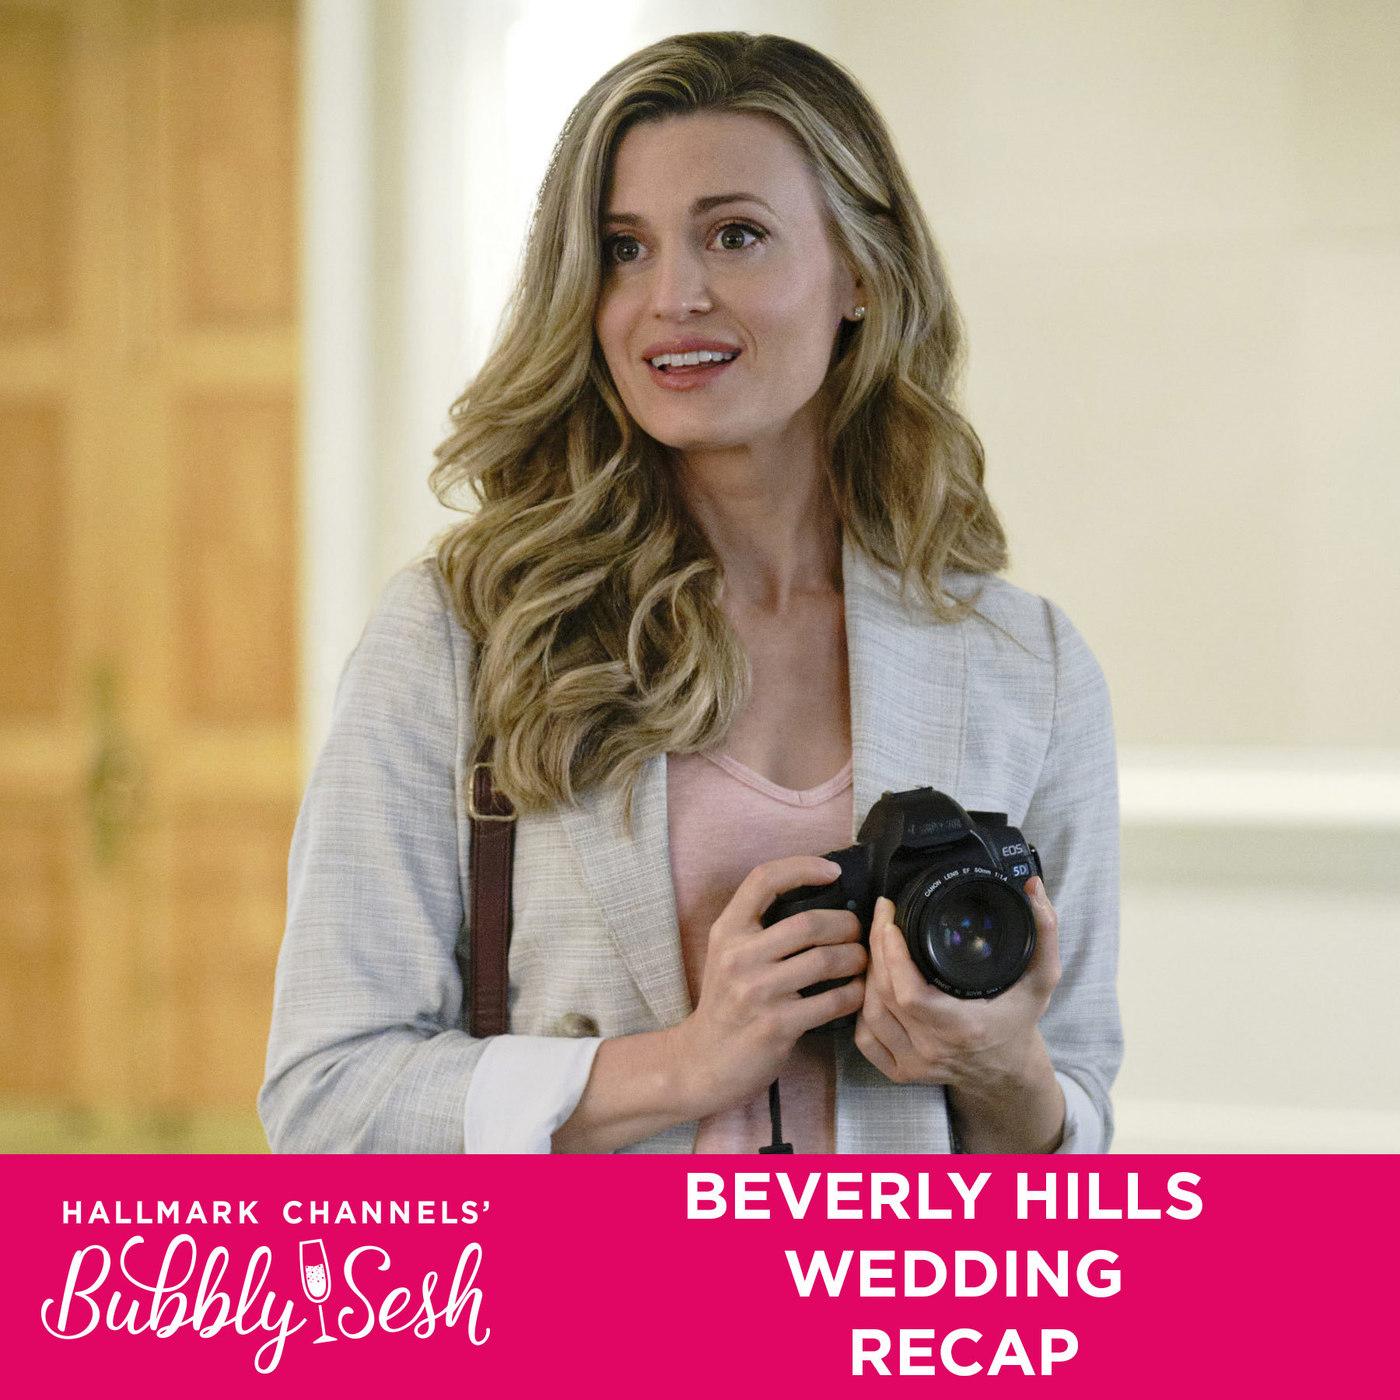 Beverly Hills Wedding Recap
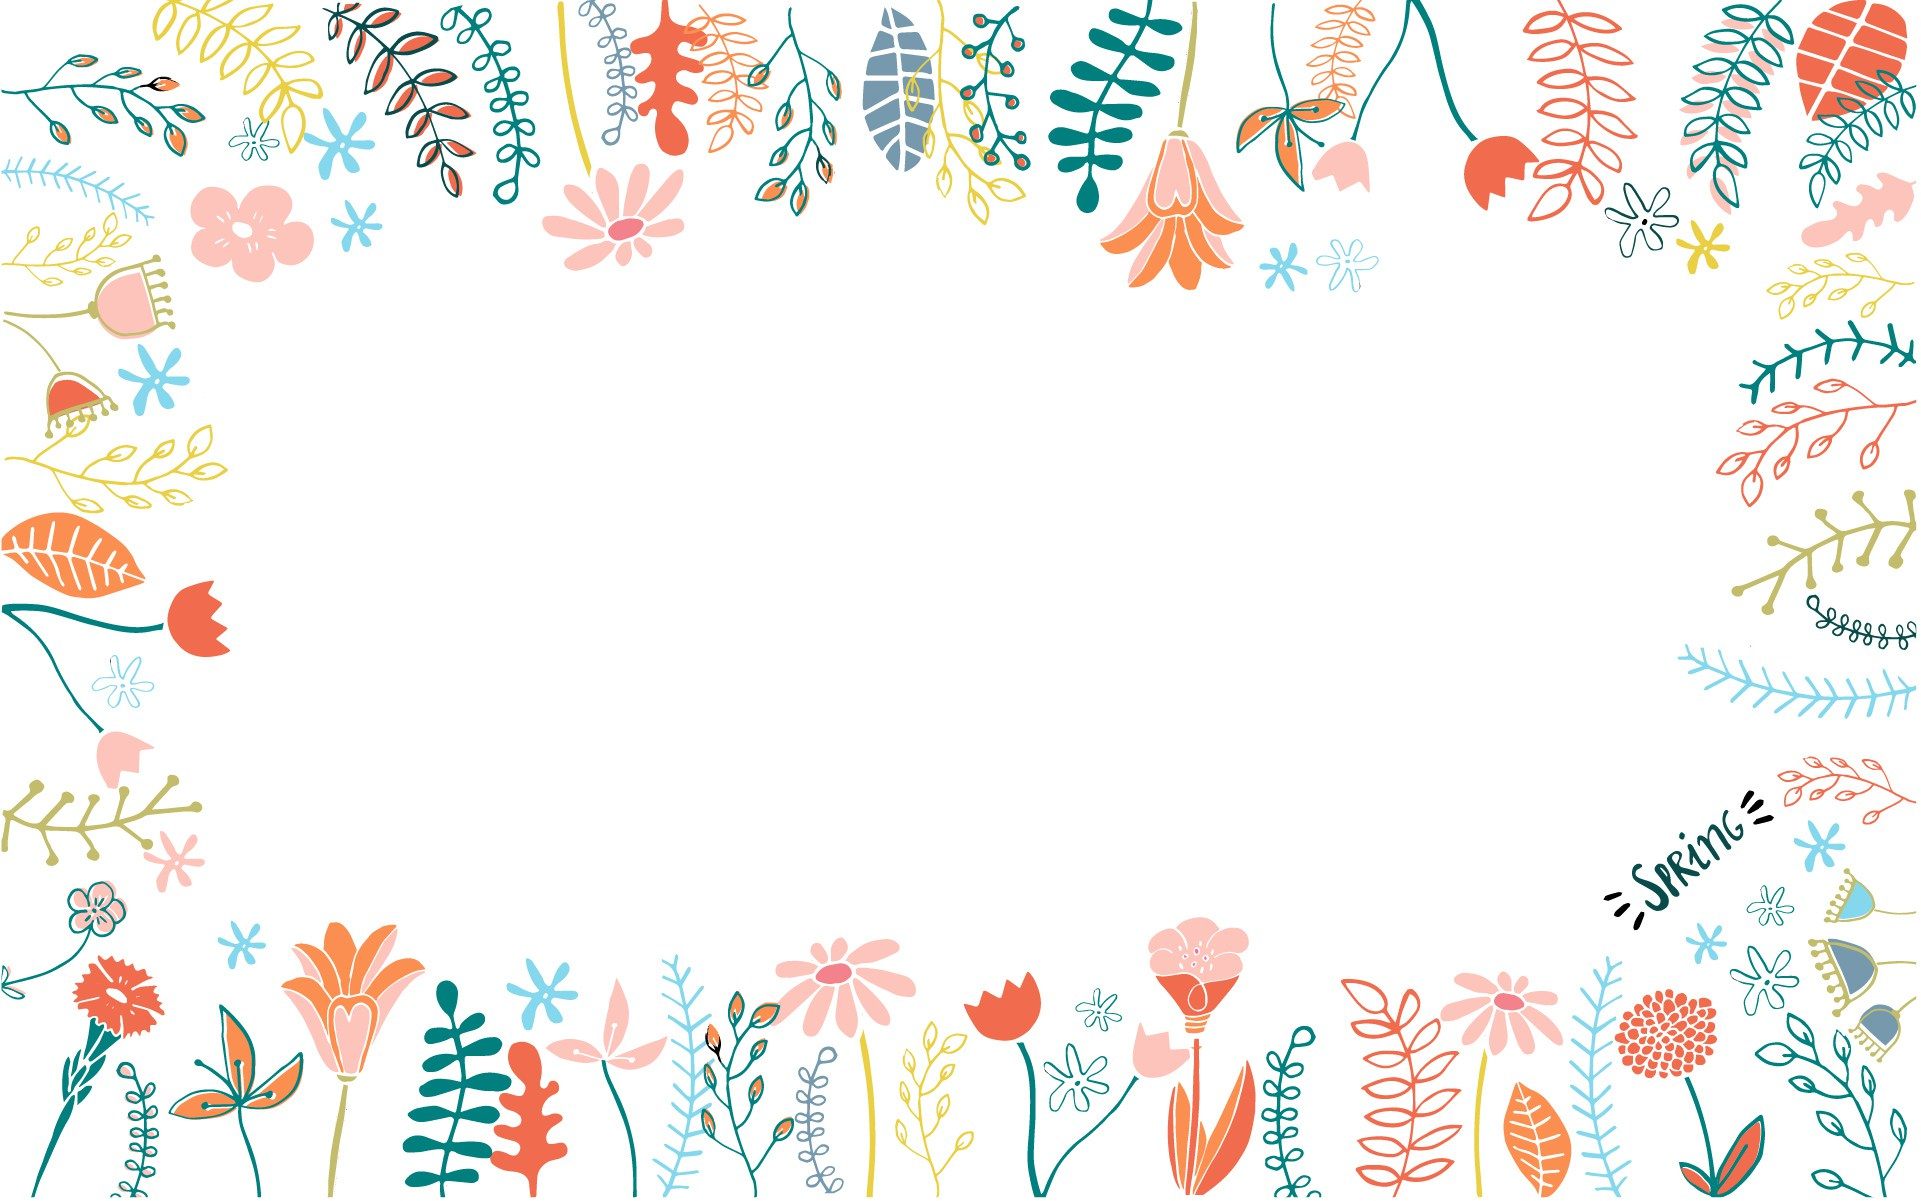 Free Desktop Wallpaper Watercolor Floral Desktop 150207 Hd Wallpaper Backgrounds Download
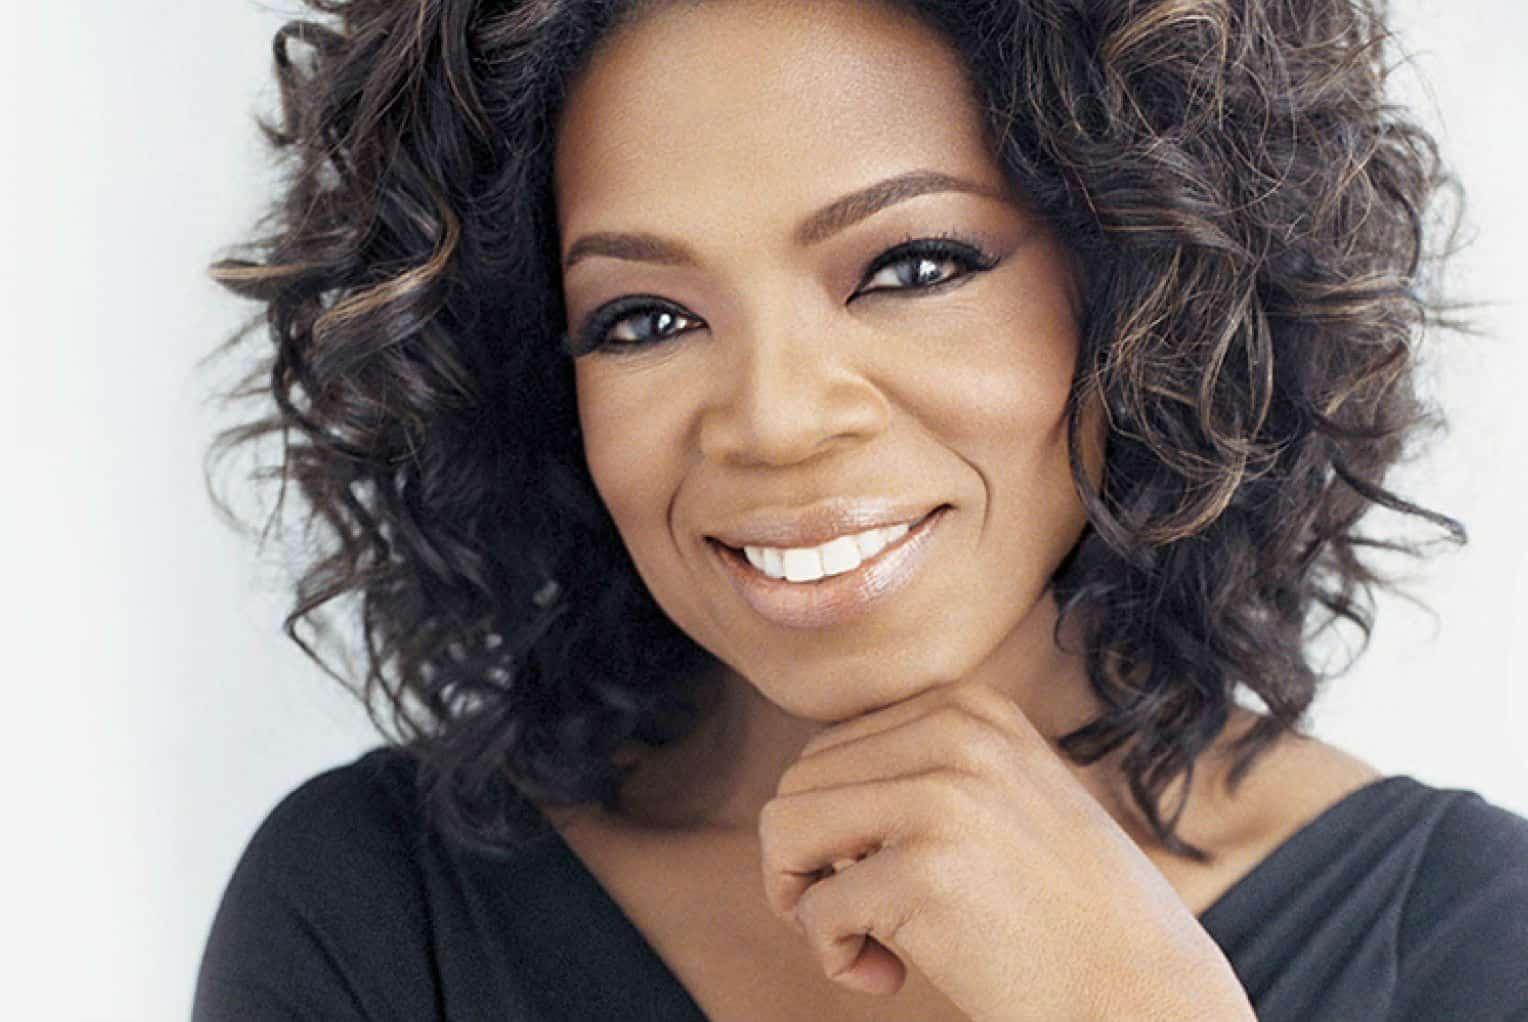 Celebrity Spotlight: Oprah Winfrey #HollywoodSpotlight #hollywood #moviestars #famous #actress #beautiful #celebrity #entertainment #celebrityoftheweek #movies #celebrities #Oprah #oprahwinfrey #beverlyhills #BevHillsMag
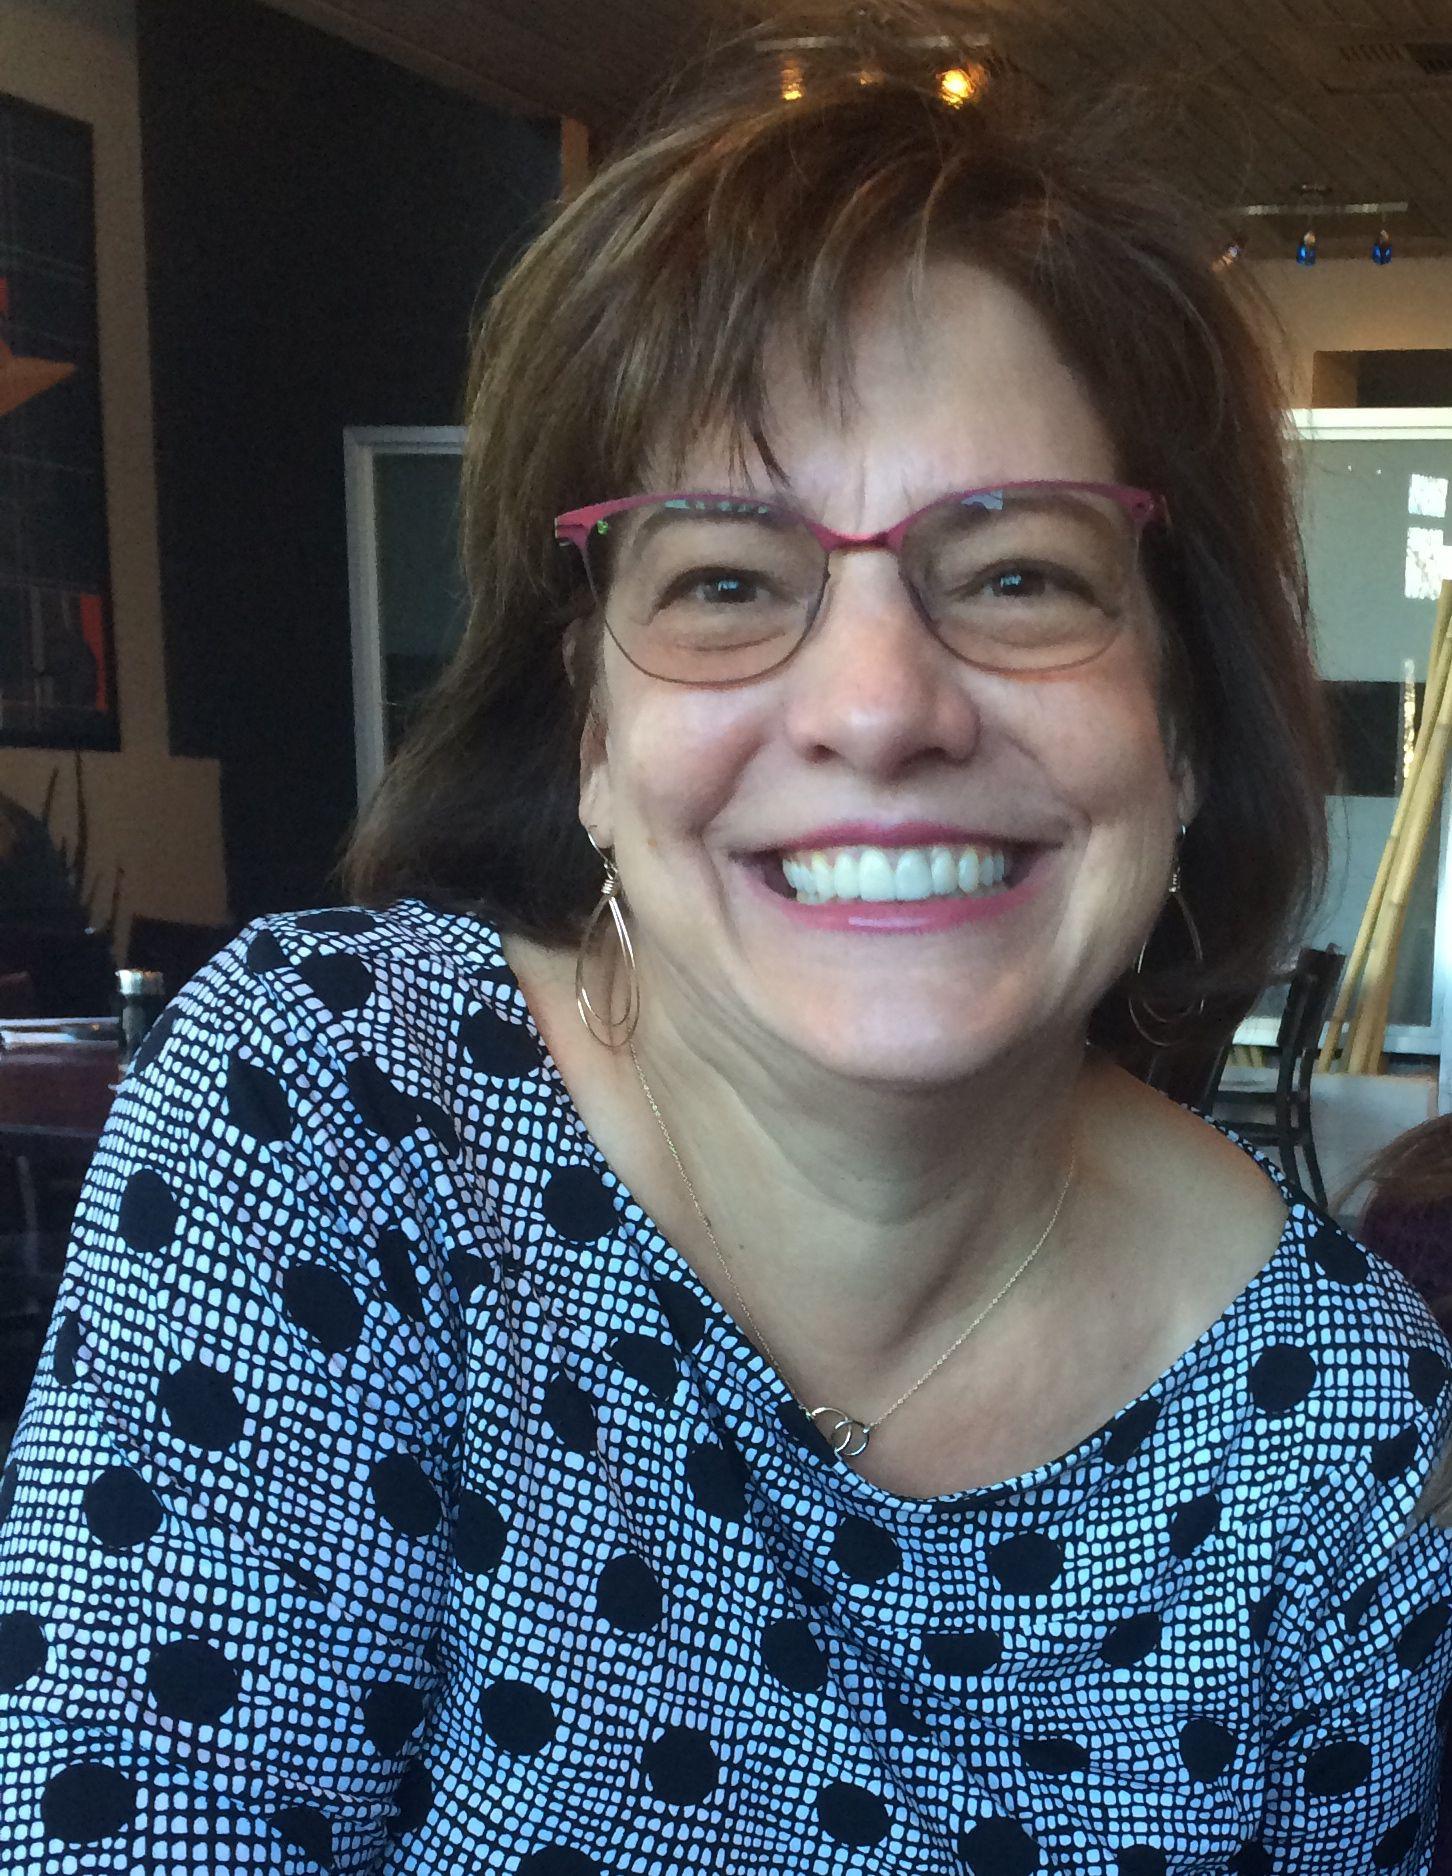 Discussion on this topic: Emma Harris, maria-aitken-born-1945/

○ ○ ○ ○ ○

» What is being asked:
Where pictures appear, skip them and transcribe all other material word for word.

» Written solution:
 Beverly Hills Wedding Recap
 Free Desktop Wallpaper Watercolor Floral Desktop 150207 Hd Wallpaper Backgrounds Download
 Celebrity Spotlight: Oprah Winfrey #HollywoodSpotlight #hollywood #moviestars #famous #actress #beautiful #celebrity #entertainment #celebrityoftheweek #movies #celebrities #Oprah #oprahwinfrey #beverlyhills #BevHillsMag
 Discussion on this topic: Emma Harris, maria-aitken-born-1945/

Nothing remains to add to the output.